Introduction:

This workflow takes a peak table file and a group design file as inputs. It performs all univariate and multivariate statistical analysis as user selected (between two groups).

Input files:

1.     Peak table file in Tab-delimited text format, with the first column as the compound identifier and the others as samples.

2.     Group design file in Tab-delimited text format with two columns (samplename     groupname).

Output files:

'pkTable_summary.txt', basic statistics summary information on columns (sample data).

't_test_results.txt', t-test results with p value, log2FC, and q value.

't_test_significant_results.txt', significant t-test results.

'wilcox_test_results.txt', Wilcoxon-test results with p value, log2FC, and q value.

'wilcox _test_significant_results.txt', significant Wilcoxon-test results.

'aov_results.txt', analysis of variance model results with p-value and q value.

'aov_significant_results.txt', significant analysis of variance model results.

'kw_test_results.txt ', Kruskal-Wallis rank sum test results with p-value and q value.

'kw_test_significant_results.txt ', significant Kruskal-Wallis rank sum test results.

'PCA_Score.txt', PCs (scores) matrix.

'PCA_R2.txt', importance of PCs.

'PCA_Screeplot.pdf', scree plot of variance explained (R2).

'PC12_Score_2D_Label.pdf', PCA scatter plot using PCs score values with the sample name label, PC12 refers to PC1 vs PC2.
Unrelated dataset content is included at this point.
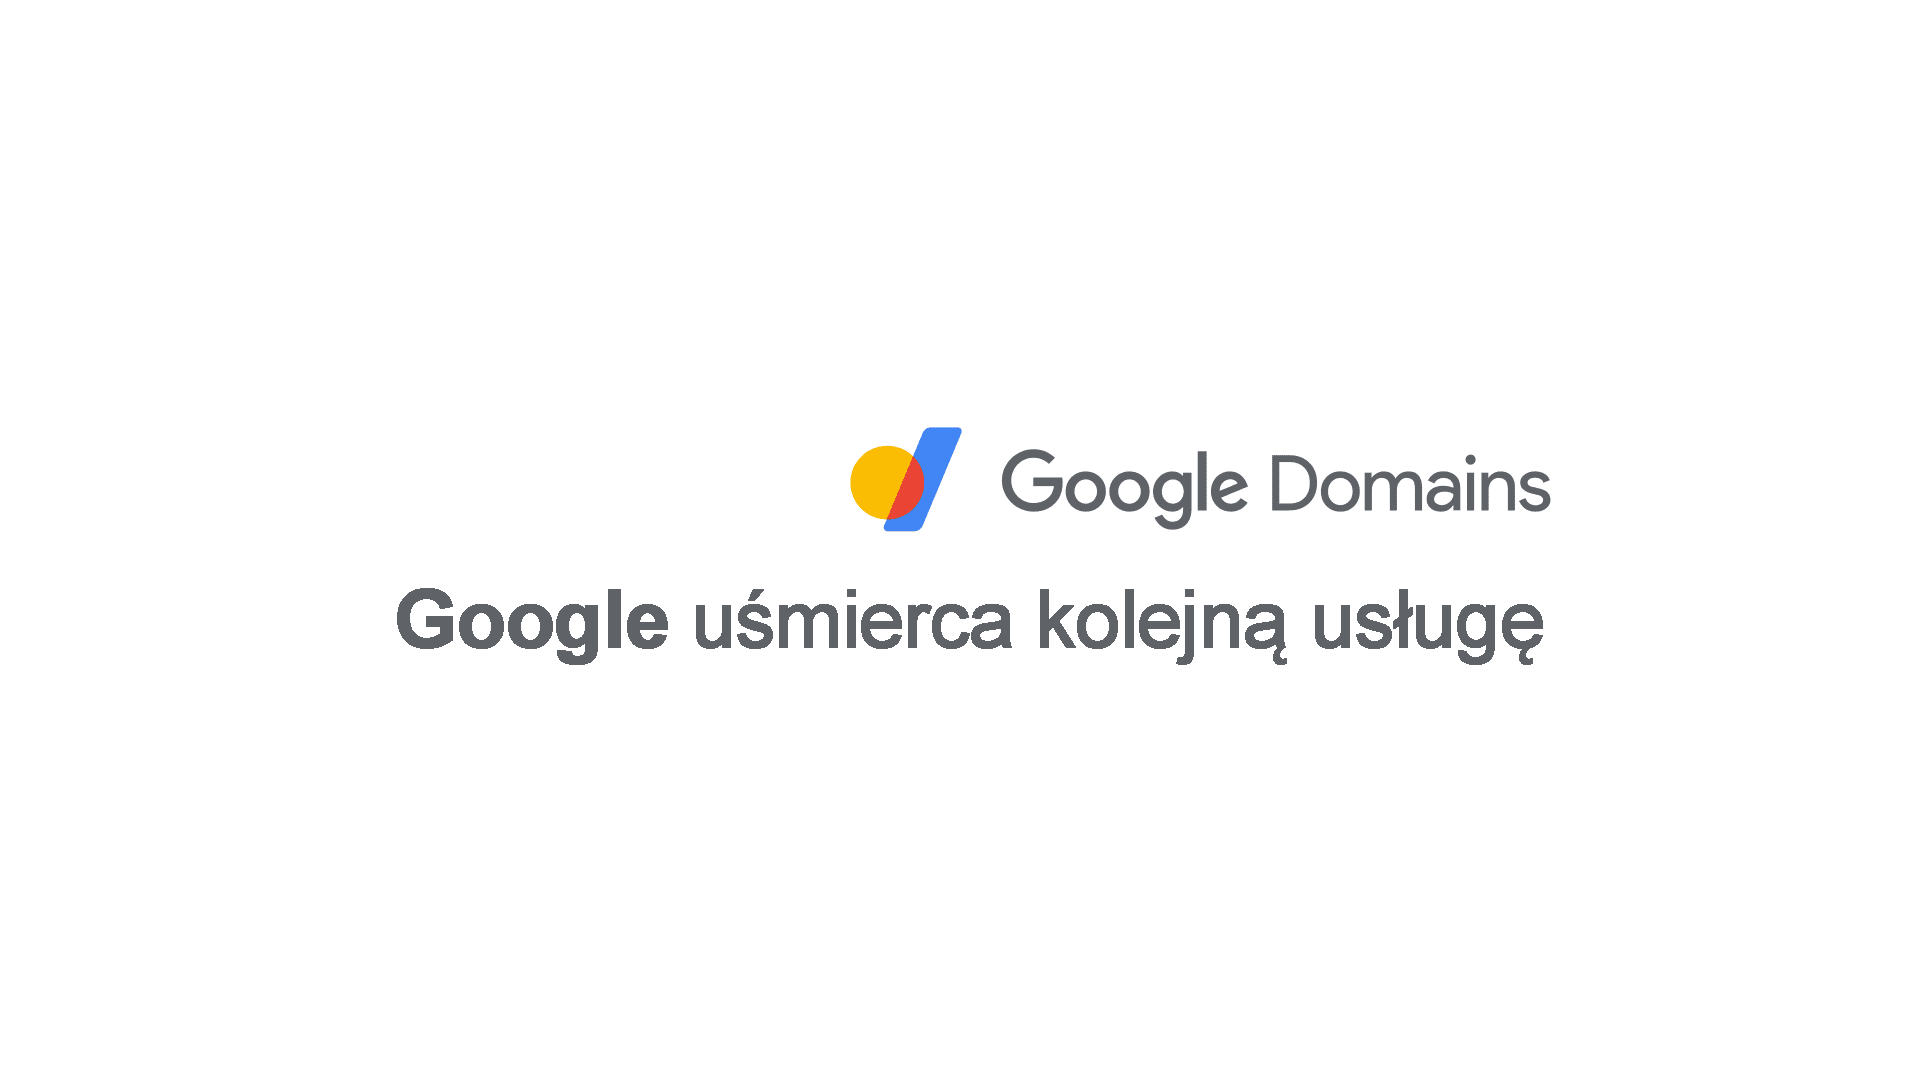 Google uśmierca kolejną usługę, tym razem Domeny Google (Google Domains)

'PC12_Score_2D.pdf', PCA scatter plot using PCs score values without the sample name label, PC12 refers to PC1 vs PC2.

'PLSDA_Score.txt', Component (scores) matrix.

'PLSDA_R2X_R2Y_Q2.txt', data frame with the model overview.

'PLSDA _Score_2D_Label.pdf', PLSDA scatter plot using Component 1 and Component 2 score values with the sample name label.

'PLSDA _Score_2D.pdf', PLSDA scatter plot using Component 1 and Component 2 score values without the sample name label.

'OPLSDA_Score.txt', Component (scores) matrix, P1 refers to 1th score and O1 refers to 1th orthogonal score.

'OPLSDA_VIP.txt', Columns: feature name, VIP, Corr.Coeffs (refers to correlation coefficient between raw data and 1th score data), Corr.P, FDR.

'OPLSDA_VIP_Sig.txt', significant result.

'OPLSDA_Permutation.txt', permutation result.

'Fitted_Curve_Parameter.txt', parameters about fitted curve in permutation plot.

'OPLSDA_R2X_R2Y_Q2.txt', data frame with the model overview.

'OPLSDA_VPlot.pdf', visualization about 'OPLSDA_VIP.txt' data.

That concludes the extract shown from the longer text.